Paper Info Reviews Meta-review Author Feedback Post-Rebuttal Meta-reviews

Authors

Dimitrios Psychogyios, Francisco Vasconcelos, Danail Stoyanov

Abstract

Expanding training and evaluation data is a major step towards building and deploying reliable localization and 3D reconstruction techniques during colonoscopy screenings. However, training and evaluating pose and depth models in colonoscopy is hard as available datasets are limited in size. This paper proposes a method for generating new pose and depth datasets by fitting NeRFs in already available colonoscopy datasets. Given a set of images, their associated depth maps and pose information, we train a novel light source location-conditioned NeRF to encapsulate the 3D and color information of a colon sequence. Then, we leverage the trained networks to render images from previously unobserved camera poses and simulate different camera systems, effectively expanding the source dataset. Our experiments show that our model is able to generate RGB images and depth maps of a colonoscopy sequence from previously unobserved poses with high accuracy.

Link to paper

DOI: https://doi.org/10.1007/978-3-031-43996-4_51

SharedIt: https://rdcu.be/dnwPw

Link to the code repository

https://github.com/surgical-vision/REIM-NeRF

Link to the dataset(s)

https://arxiv.org/abs/2206.08903


Reviews

Review #1

  • Please describe the contribution of the paper

    This paper proposed a variant of NeRF for learning implicit 3D scene representations from colonscopic image sequences. Especially, the newly introduced NeRF models the variation in tissue illumination with respect to the moving of endoscopic light source by conditioning the implicit representation on the position of light source. The implicit 3D representation is used to render more realistic colonscopic images with new viewpoints or different camera systems, in which the artifacts caused by varied illuminations in training data are avoided.

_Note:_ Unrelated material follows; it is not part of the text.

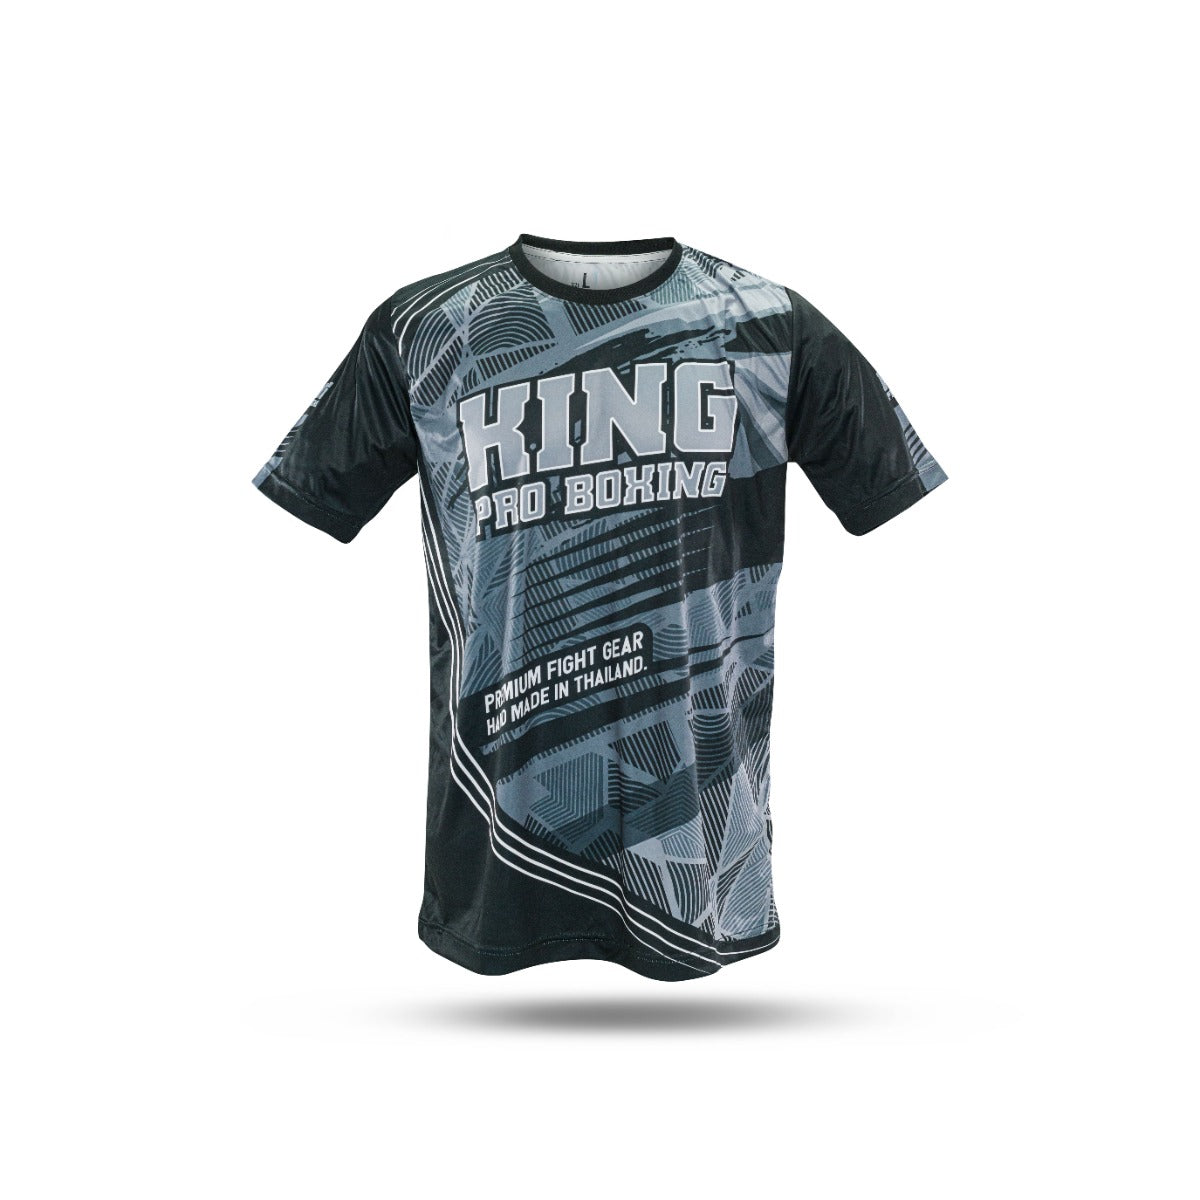 King PRO boxing T-shirt - FLAG TEE 1

  • Please list the main strengths of the paper; you should write about a novel formulation, an original way to use data, demonstration of clinical feasibility, a novel application, a particularly strong evaluation, or anything else that is a strong aspect of this work. Please provide details, for instance, if a method is novel, explain what aspect is novel and why this is interesting.
    • The paper shed lights on the varied tissue illuminations caused by moving endoscopic light source and their affects on the 3D reconstructions of colonscopic scenes. A variant of NeRF is proposed to achieve the realistic 3D scene reconstruction by conditioning implicit representation on the light source positions.
    • The new NeRF is verified to be able to render more photorealistic and artifact-free images than normal NeRF, which should be usable for generating realistic colonscopic video data with novel views or different cameras.
    • The paper is easy-to-follow with a clearly explained methodology and well-organized structure.
  • Please list the main weaknesses of the paper. Please provide details, for instance, if you think a method is not novel, explain why and provide a reference to prior work.
    • The distance or disparity between the camera trajectories used to generate training and validation data is not mentioned. It wouldn’t be surprising if the validation video looked realistic if the difference between the two was small. It would be better to reveal the PSNR and SSIM verification results at different levels of trajectory disparity (such as 70%, 50% and 30% overlaps).
  • Please rate the clarity and organization of this paper

    Very Good

  • Please comment on the reproducibility of the paper. Note, that authors have filled out a reproducibility checklist upon submission. Please be aware that authors are not required to meet all criteria on the checklist - for instance, providing code and data is a plus, but not a requirement for acceptance

    The definitions of t_i and i are ambiguous in Sec 2.1.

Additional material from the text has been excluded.